Rocco Klein (Harvey Keitel) and Larry Mazilli (John Turturro), homicide detectives, ride to the scene of Darryl Adams' murder. Larry and Rocco receive a phone call from another detective who says a man has confessed at a local church that he killed Darryl. The police meet Strike's older brother Victor at the church and take him in for questioning. In the interrogation room, Victor tells Rocco that he shot Darryl Adams in self-defense. Rocco finds holes in this story and starts looking into Victor's background which includes two jobs, a wife, two children, no criminal record, and aspirations to move out of the projects; Rocco comes to the conclusion that Victor is covering for his younger brother.

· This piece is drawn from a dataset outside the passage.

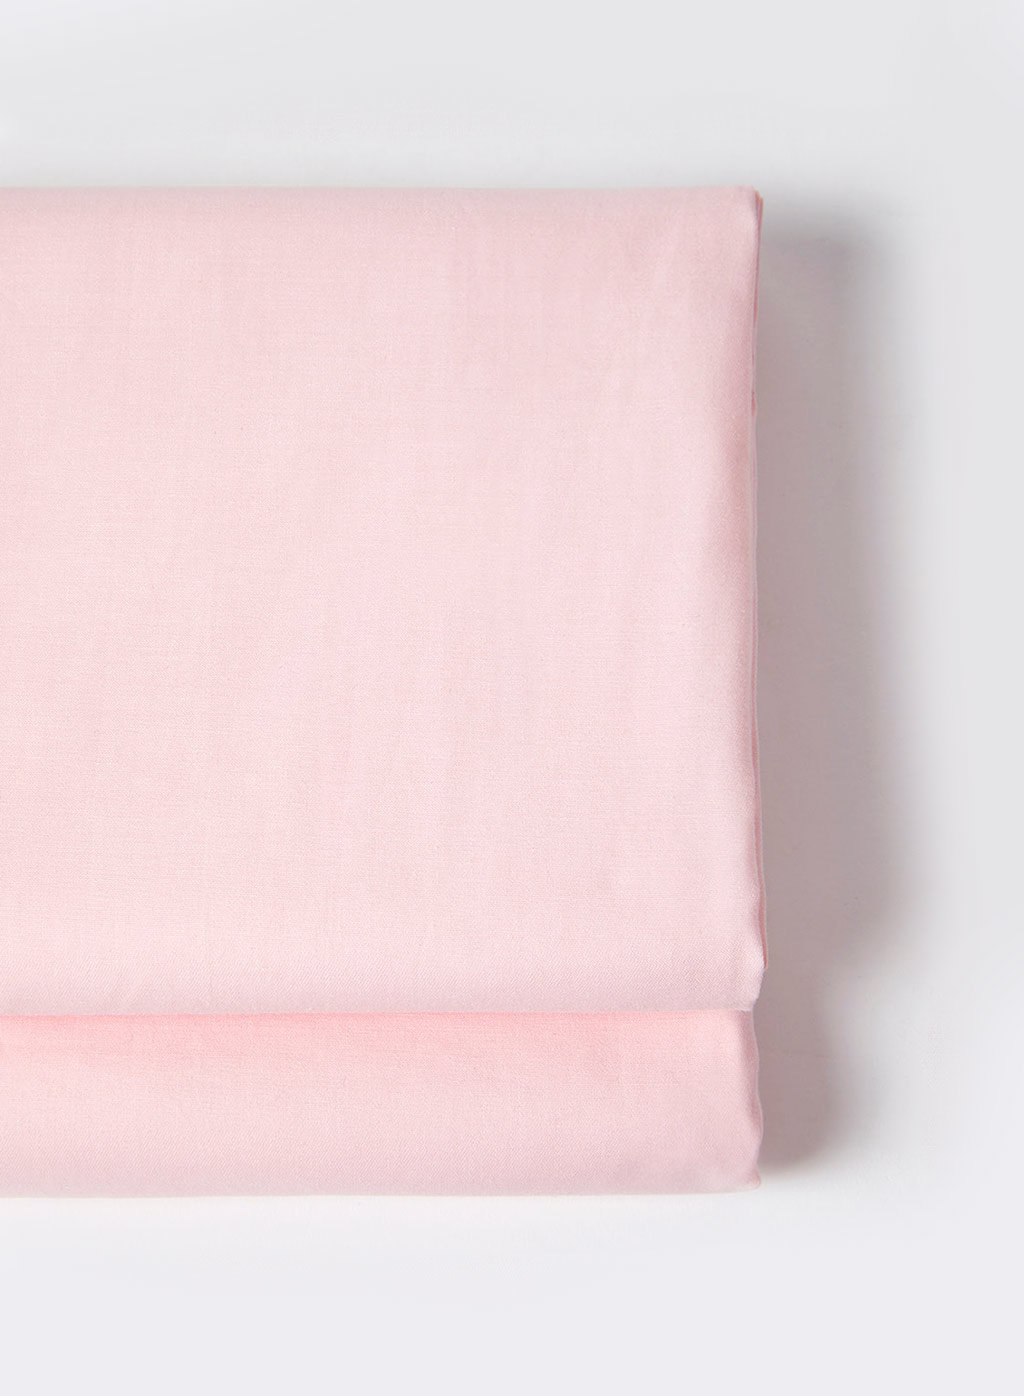 Pink Bed Sheet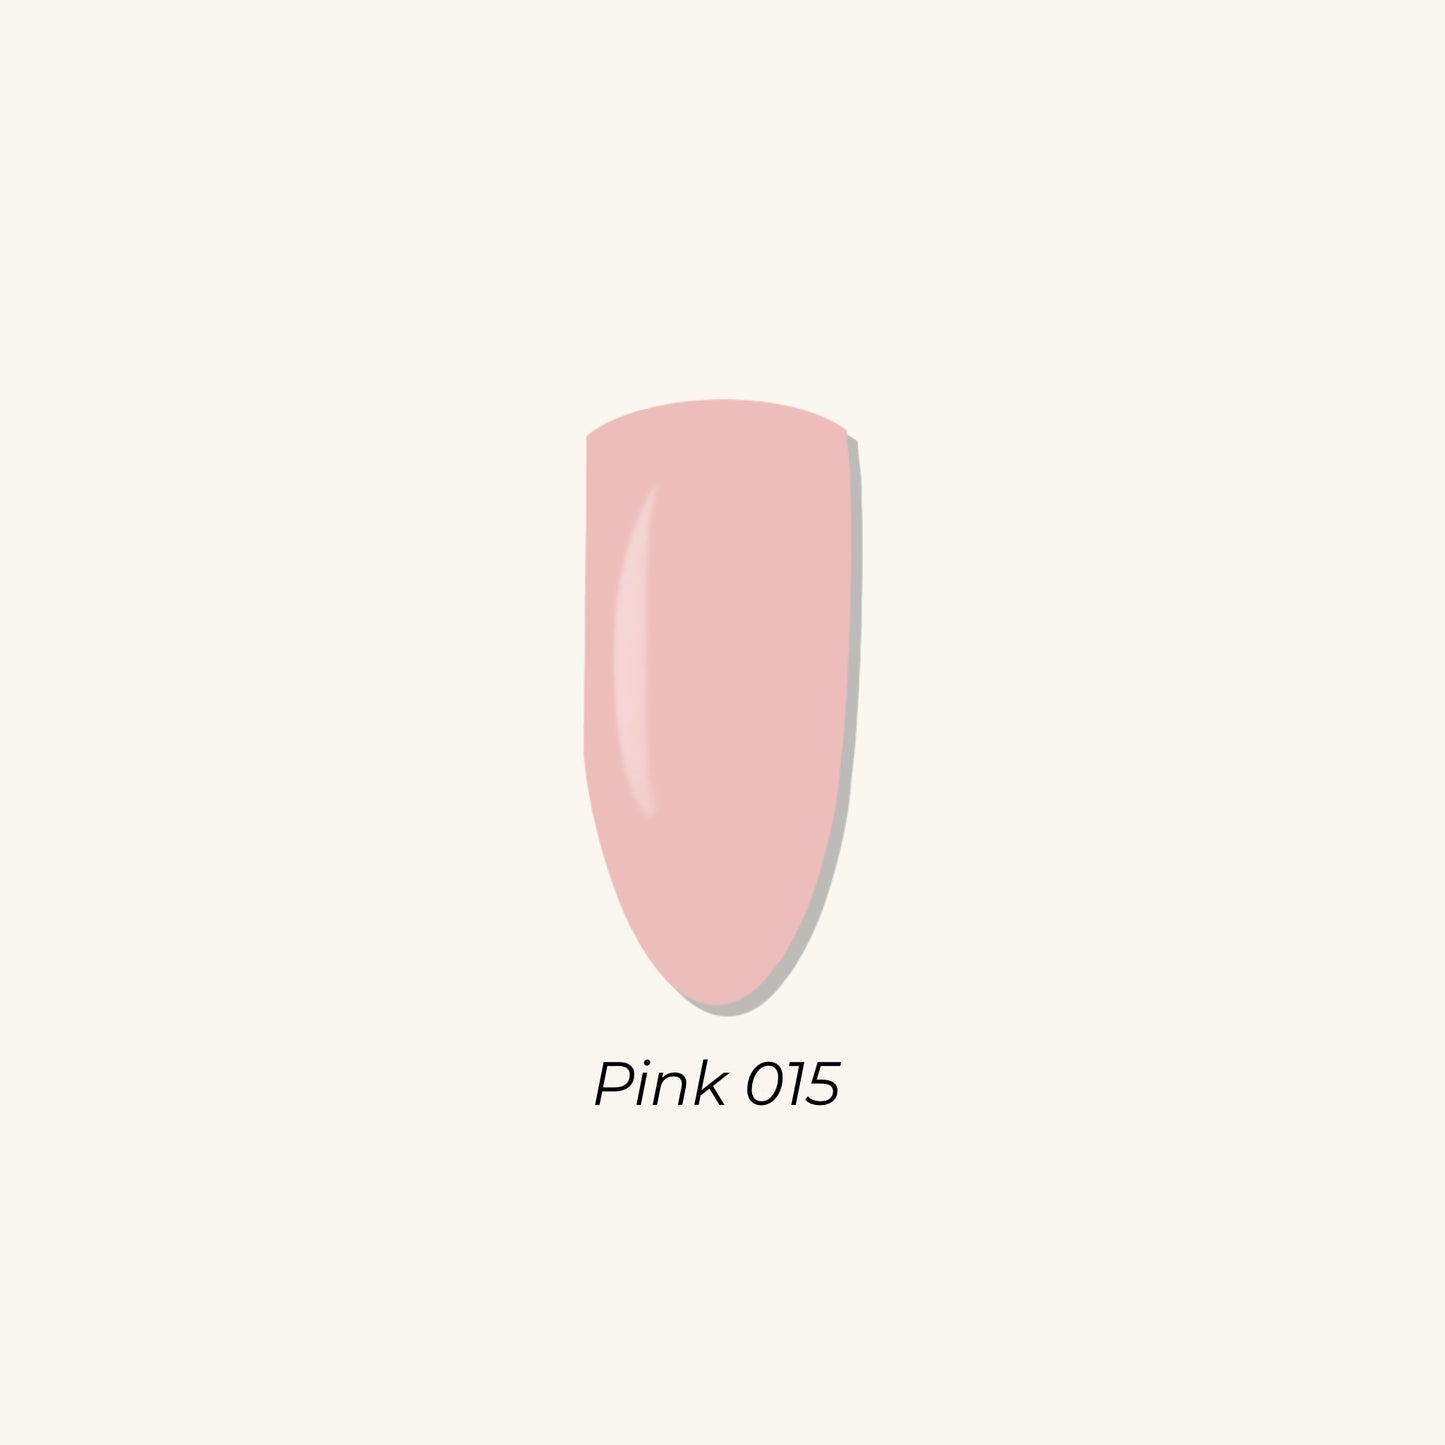 Pink 015

Rocco pressures Strike but Victor sticks to his story, so Rocco convinces Rodney that Strike has confessed and flipped on Rodney's drug ring. Rocco arrests Rodney and then humiliates Strike in front of his crew. Strike gets together some money and decides to leave town, but a younger boy who admired Strike shoots Errol, Rodney's enforcer, with Strike's gun. Rocco calls in a social worker for the kid and lets Strike leave town.
Reception
The movie was critically acclaimed by many film critics. Roger Ebert gave the movie a three-and-a-half stars, and it earned a 67% "fresh" rating from Rotten Tomatoes. The movie (along with the novel) would foreshadow similar projects, such as The Wire, for which author/screenwriter Richard Price is also a writer and Fredro Starr and Hassan Johnson cast members.
Film poster
Critics and film buffs were quick to notice that the poster, designed by Art Sims, was similar to Saul Bass' art for Otto Preminger's 1959 film Anatomy of a Murder. Sims claimed that it was a homage, but Bass regarded it as a rip-off.[1]